You can change what's considered 'full', the default is 95%
ceph osd set-full-ratio 0.95
Never let an OSD run 100% full, that will lead to lots of real
problems, 95% is a good default (it's not exact, some metadata might
not always be accounted or it might temporarily need more)
A quick and dirty work-around if only one OSD is full: take it down ;)
Paul
--
Paul Emmerich
Looking for help with your Ceph cluster? Contact us at https://croit.io
croit GmbH
Freseniusstr. 31h
81247 München
www.croit.io
Tel: +49 89 1896585 90
On Thu, May 9, 2019 at 2:08 PM Kári Bertilsson <karibertils@xxxxxxxxx> wrote:
>
> Hello
>
> I am running cephfs with 8/2 erasure coding. I had about 40tb usable free(110tb raw), one small disk crashed and i added 2x10tb disks. Now it's backfilling & recovering with 0B free and i can't read a single file from the file system...
>
> This happend with max-backfilling 4, but i have increased max backfills to 128, to hopefully get this over a little faster since system has been unusable for 12 hours anyway.
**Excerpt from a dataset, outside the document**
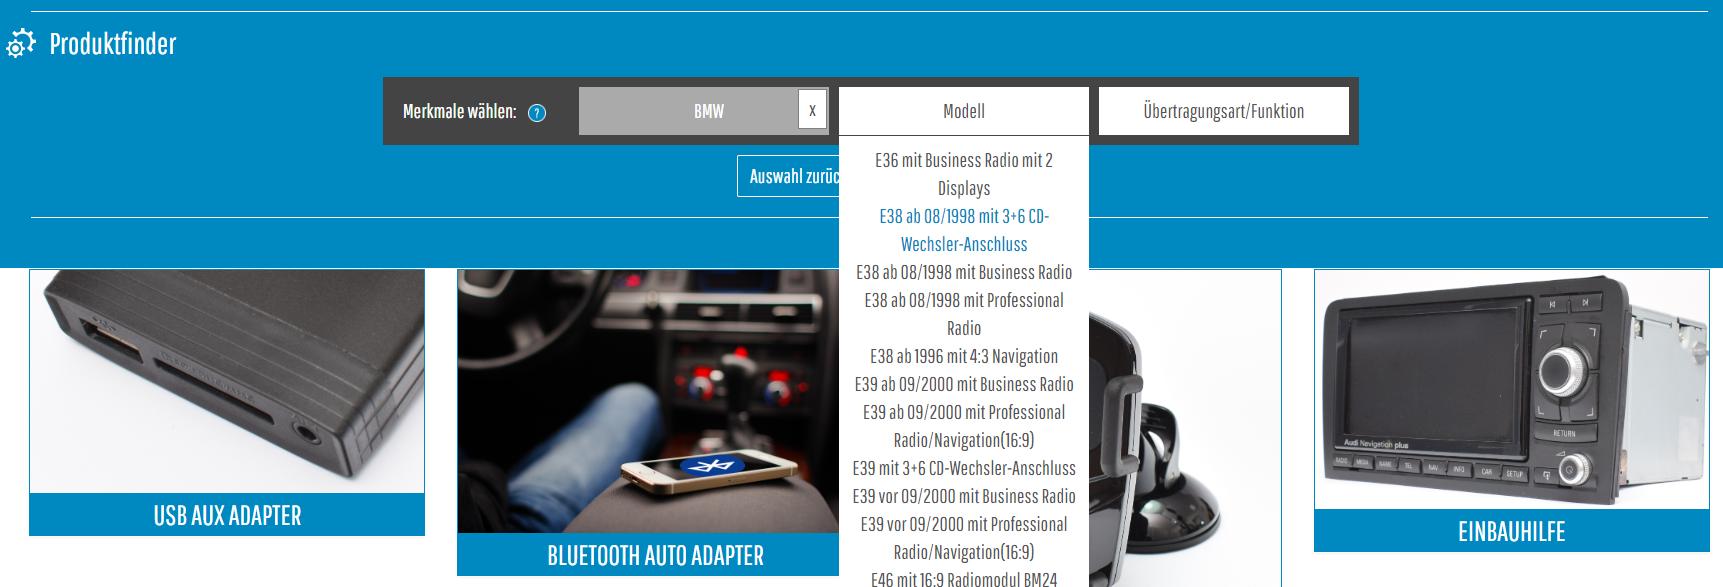 MusikimAuto-JTL-Shop-Produktfinder-Anklicken-Modell
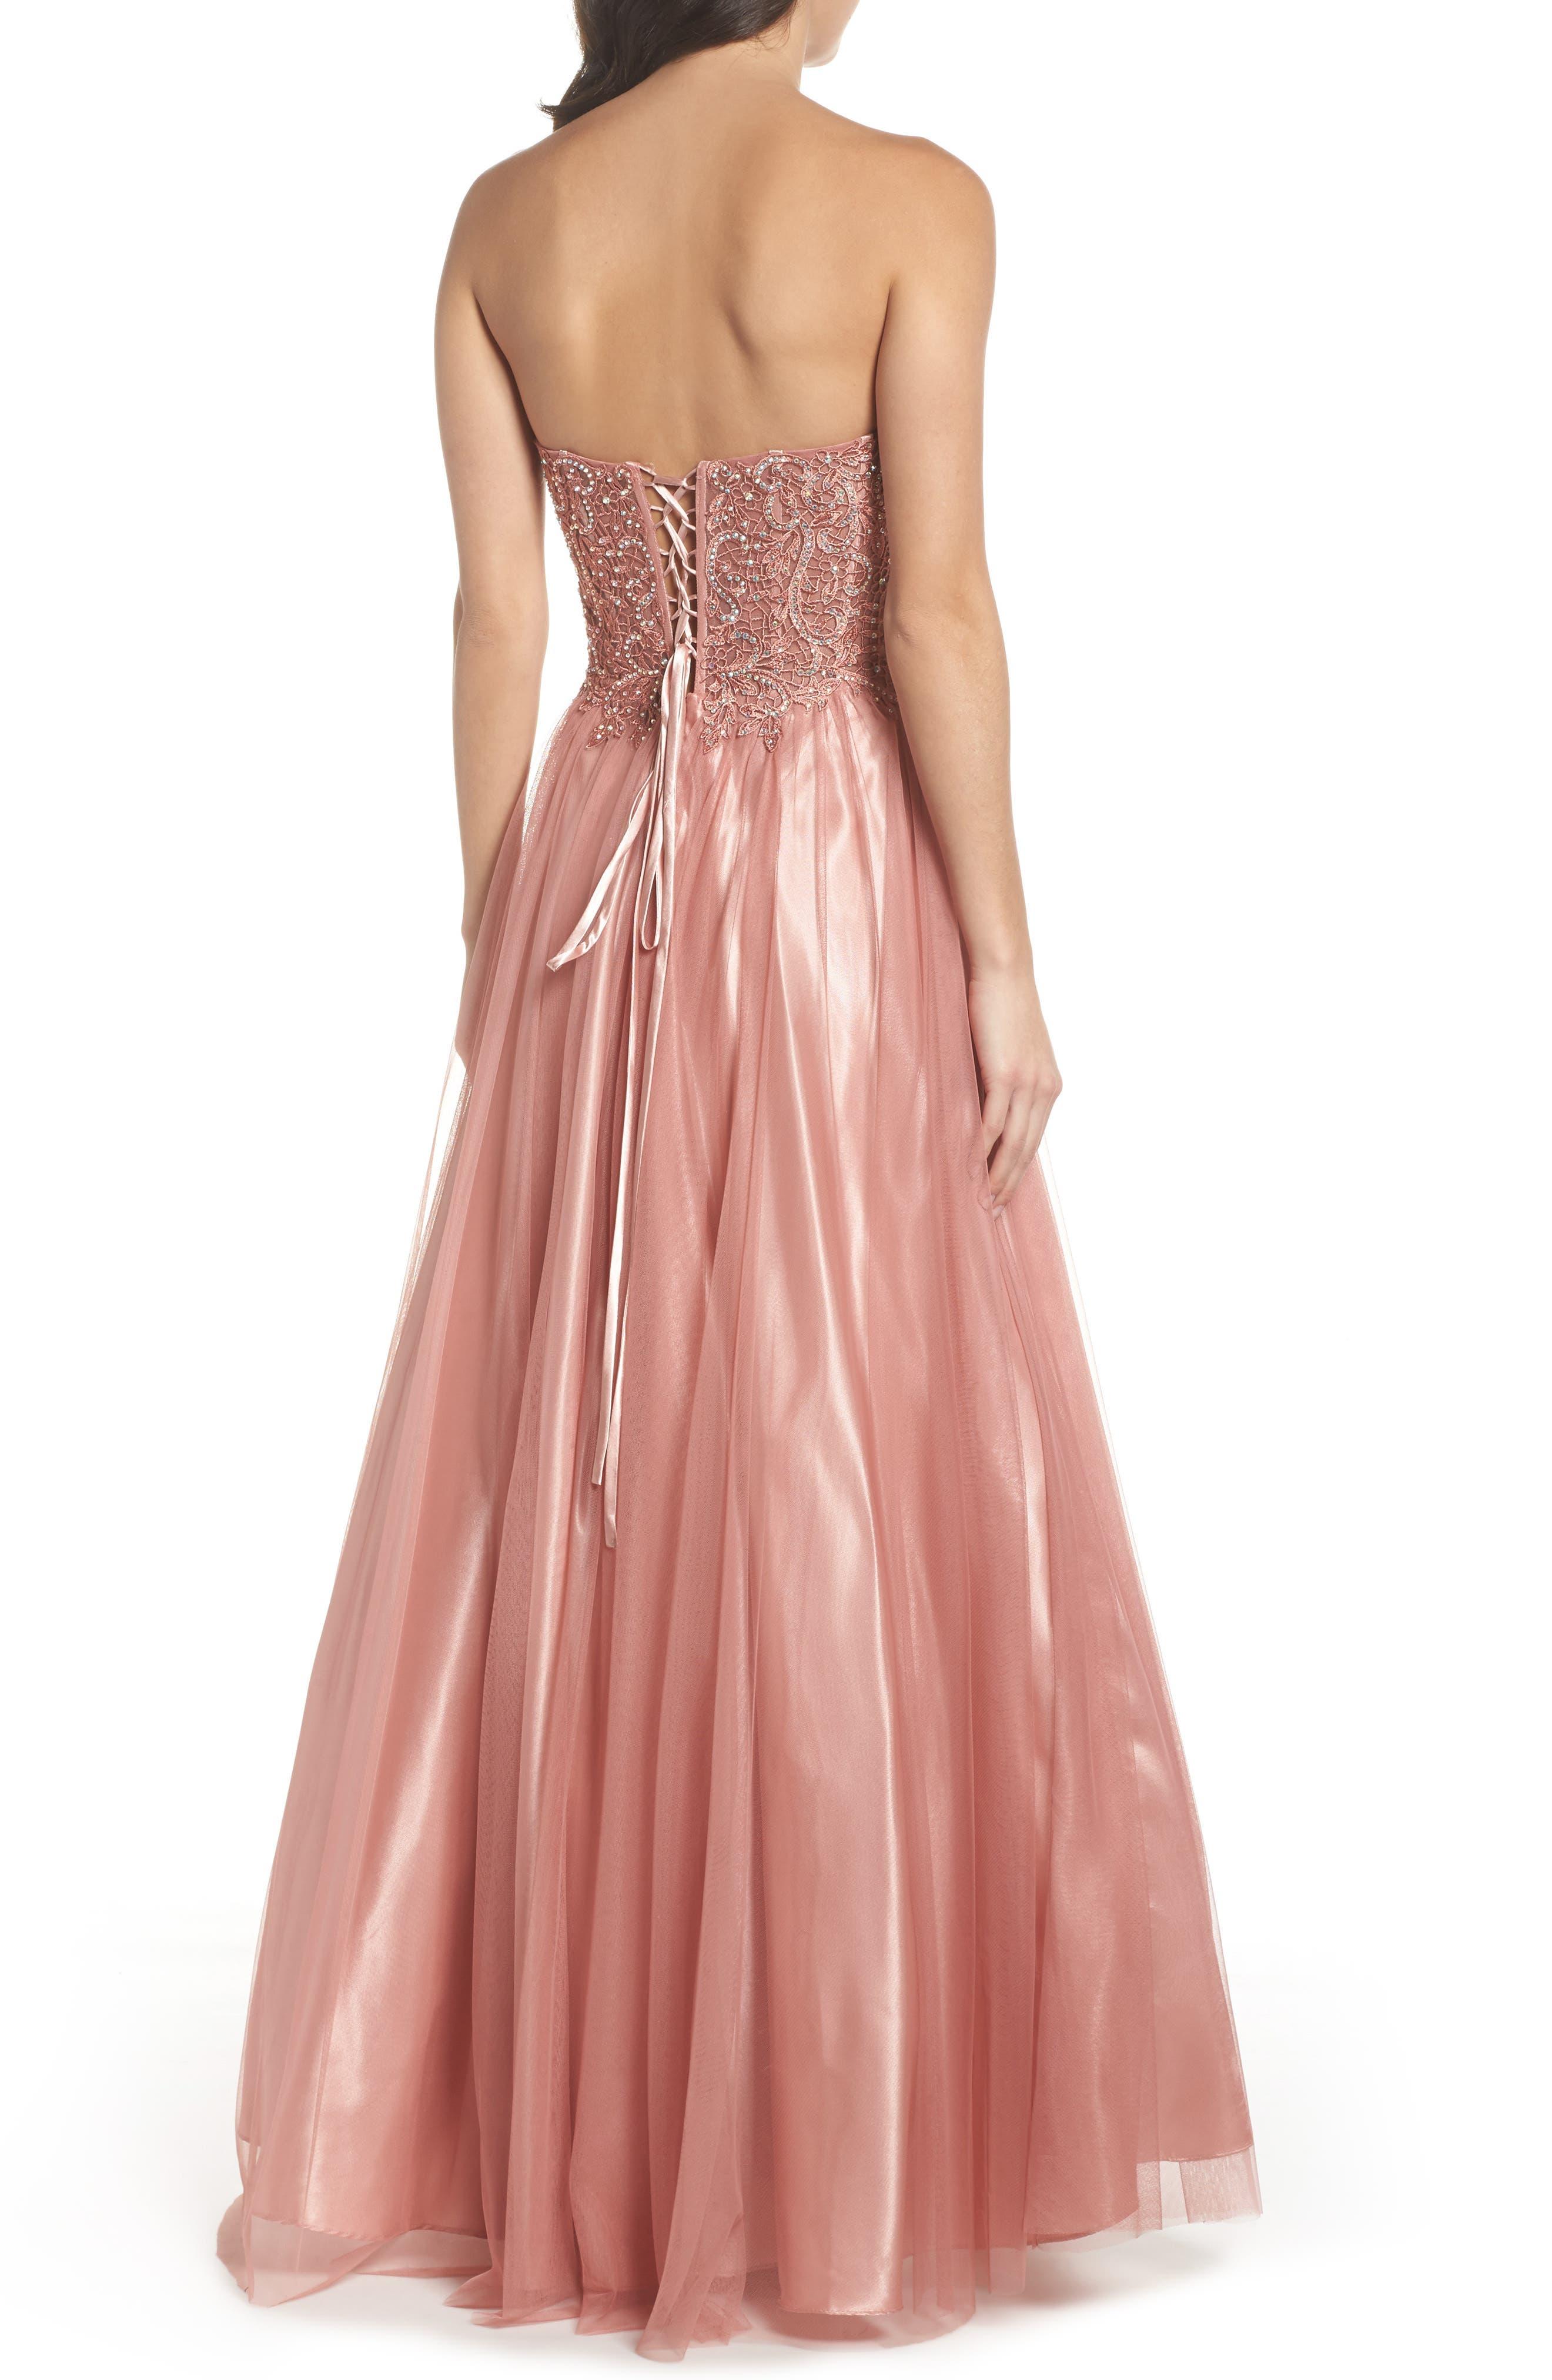 Embellished Corset Ballgown,                             Alternate thumbnail 2, color,                             Rose

Not sure yet if that was a good idea.
>
> 131TB of raw space was somehow not enough to keep things running. Any tips to avoid this kind of scenario in the future ?
>
> GLOBAL:
> SIZE AVAIL RAW USED %RAW USED
> 489TiB 131TiB 358TiB 73.17
> POOLS:
> NAME ID USED %USED MAX AVAIL OBJECTS
> ec82_pool 41 278TiB 100.00 0B 28549450
> cephfs_metadata 42 174MiB 0.04 381GiB 666939
> rbd 51 99.3GiB 20.68 381GiB 25530
>
> data:
> pools: 3 pools, 704 pgs
> objects: 29.24M objects, 278TiB
> usage: 358TiB used, 131TiB / 489TiB avail
> pgs: 1265432/287571907 objects degraded (0.440%)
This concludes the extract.